2
votes

I have written that little helloworld-kind of neural network. The problem is that I constantly get that error which says:

"Traceback (most recent call last):
  File "C:/Users/Pigeonnn/PycharmProjects/Noss/Network.py", line 21, in <module>
    model.add(keras.layers.InputLayer(input_shape))
  File "C:\Users\Pigeonnn\AppData\Local\Programs\Python\Python37\lib\site-packages\tensorflow\python\training\checkpointable\base.py", line 442, in _method_wrapper
    method(self, *args, **kwargs)
  File "C:\Users\Pigeonnn\AppData\Local\Programs\Python\Python37\lib\site-packages\tensorflow\python\keras\engine\sequential.py", line 145, in add
    'Found: ' + str(layer))
TypeError: The added layer must be an instance of class Layer. Found: <keras.engine.input_layer.InputLayer object at 0x0000015EDB394DA0>"

Here's my code:

import keras
import numpy as np
from sklearn.model_selection import train_test_split
import pandas as pd
from sklearn.utils import shuffle
import tensorflow as tf

seed = 10
np.random.seed(seed)

dataset = np.loadtxt("dataset2.csv",delimiter=',',skiprows=1)
dataset = shuffle(dataset)

X = dataset[:,2:]
Y = dataset[:,1]

(X_train,X_test,Y_train,Y_test) = train_test_split(X, Y, test_size=0.15, random_state=seed)
input_shape = (13,)

model = tf.keras.models.Sequential()
model.add(keras.layers.InputLayer(input_shape))
model.add(keras.layers.core.Dense(128, activation='relu'))
model.add(keras.layers.core.Dense(128, activation='relu'))
model.add(keras.layers.core.Dense(4, activation='sigmoid'))
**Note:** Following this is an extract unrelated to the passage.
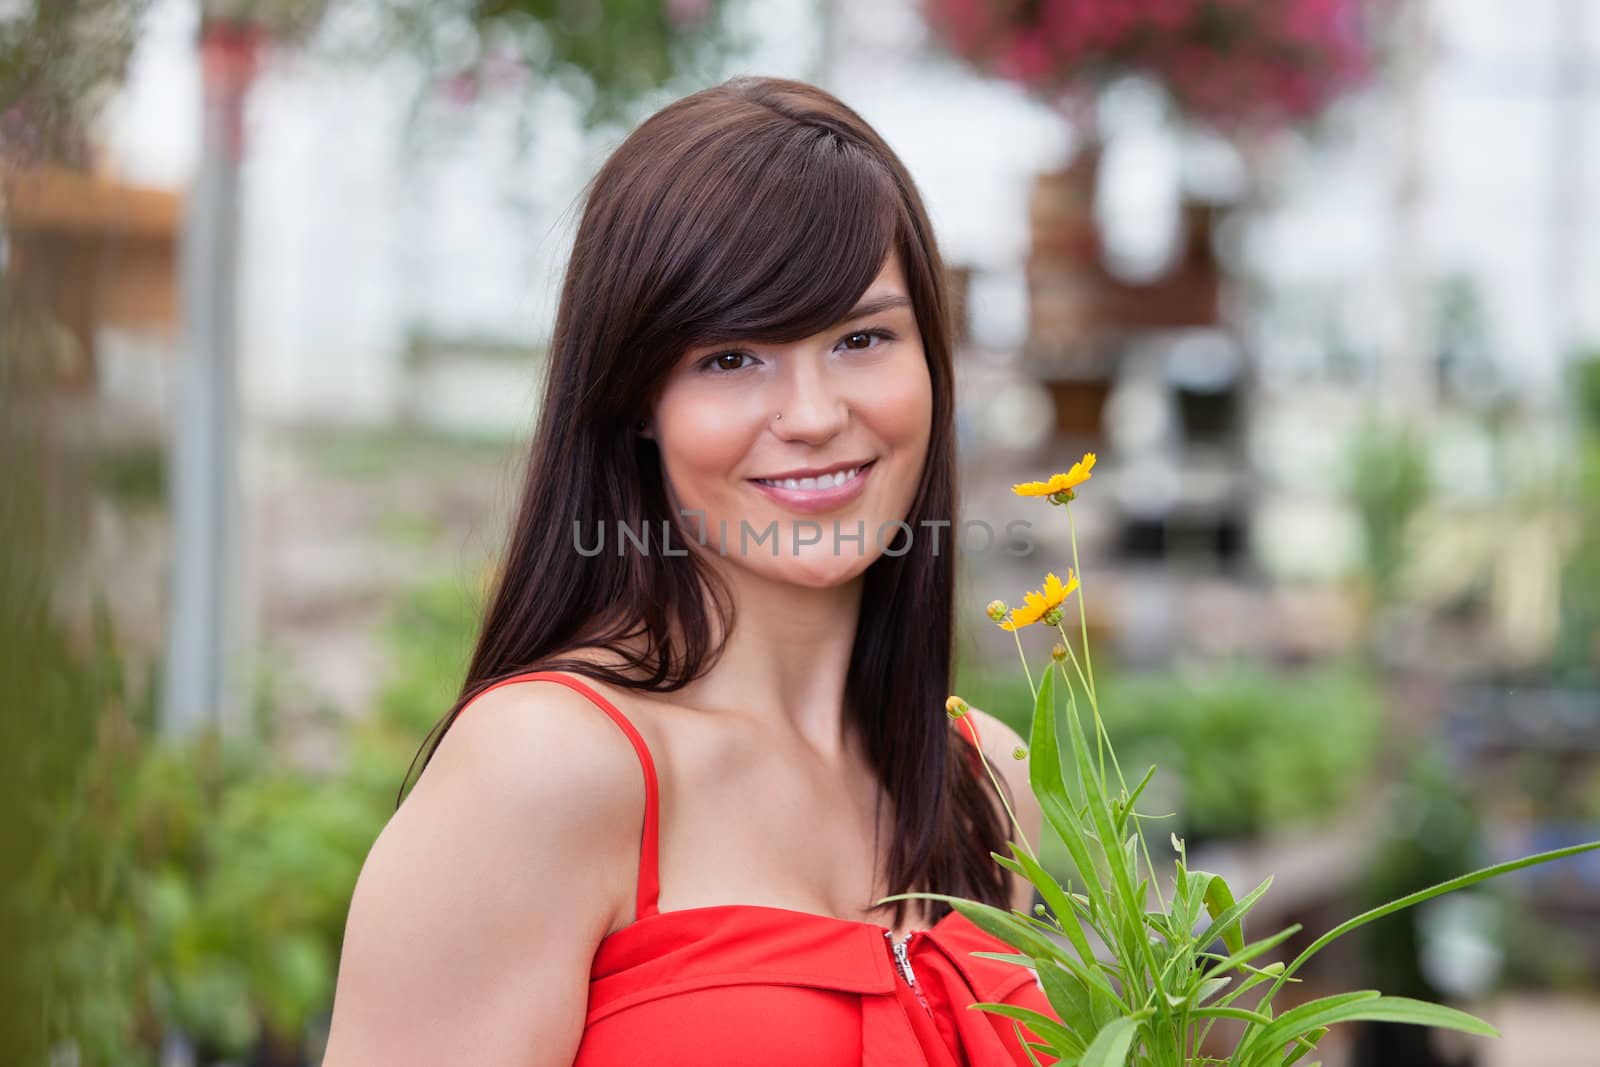 Smiling woman holding flower pot by leaf

model.compile(optimizer='adam',loss='sparse_categorical_crossentropy',metrics=['accuracy'])

model.fit(X_train,Y_train,epochs=20)

EDIT: after some tweaks(changing loss function, removing tf model), I have another error, this time its:

Traceback (most recent call last):
  File "C:/Users/Pigeonnn/PycharmProjects/Noss/Network.py", line 28, in 
    model.fit(X_train,Y_train,epochs=20)
  File "C:\Users\Pigeonnn\AppData\Local\Programs\Python\Python37\lib\site-packages\keras\engine\training.py", line 952, in fit
    batch_size=batch_size)
  File "C:\Users\Pigeonnn\AppData\Local\Programs\Python\Python37\lib\site-packages\keras\engine\training.py", line 789, in _standardize_user_data
    exception_prefix='target')
  File "C:\Users\Pigeonnn\AppData\Local\Programs\Python\Python37\lib\site-packages\keras\engine\training_utils.py", line 138, in standardize_input_data
    str(data_shape))
ValueError: Error when checking target: expected dense_3 to have shape (4,) but got array with shape (1,)
1
I edited post with full TracebackPigeonnn
I know, I checked that thread. I don't think actually that those threads are similiar enough to help me.Pigeonnn

1 Answers

4
votes

You are using both tf.keras and keras modules, which are not compatible. Use only one and be consistent.